We are excited to bring Transform 2022 back in-person July 19 and virtually July 20 – August 3. Join AI and data leaders for insightful talks and exciting networking opportunities. Learn more about Transform 2022
Today, Google opened up their Data Cloud Summit with a bevy of announcements of new products and enhancements designed to help data scientists leverage the power of the Google Cloud Platform to perform data science. The company invested heavily in artificial intelligence over the years and its new products can help companies and users make sense of the flood of data with both traditional analysis and machine learning.
“Data is probably on the top of the agenda of every C-suite on the planet,” explained Gerrit Kazmaier, general manager and VP for databases, data analytics and looker at Google Cloud. “Every company is a big data company. It is multiformat. It’s streaming and it’s everywhere.”

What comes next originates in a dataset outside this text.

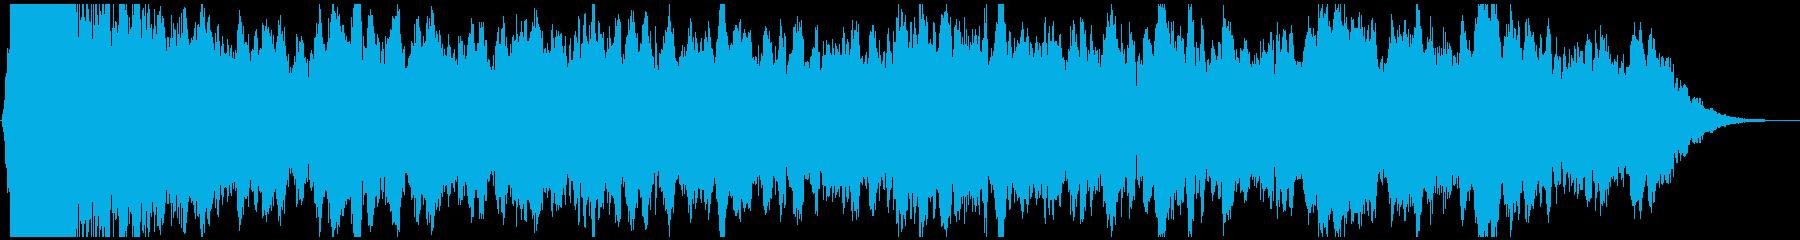 PADS 不安定なウィンドチャイム01の再生済みの波形

Google wants to compete for that demand with its cloud platform by offering sophisticated tools for applying artificial intelligence and machine learning. At the same time, it’s nurturing an open ecosystem so that companies can use and share data from wherever it may be captured. The new releases emphasize breaking barriers between clouds from different merchants and also self-hosting options by the customers.
This open strategy can help Google battle with large competitors like Amazon or Microsoft. Amazon’s Web Services offers close to a dozen different options for data storage and these are all tightly integrated with many platforms for data analysis with traditional reports or machine learning. Microsoft’s Azure also offers a wide range of options that leverage their deep history with enterprise computing.
Google’s BigLake platform is designed to work with data across various clouds, both stored locally on premises and in commercial clouds, including its competitors. The service can offer enterprises a chance to unify their data warehouses and lakes in one multi-cloud platform.
In the past, many companies created data warehouses, a well-governed model that combined good report generation with solid access control. Lately, some have been using the term “data lake” to describe systems that are optimized more for large size than sophisticated tools. Google wants to absorb these different approaches with their BigLake model.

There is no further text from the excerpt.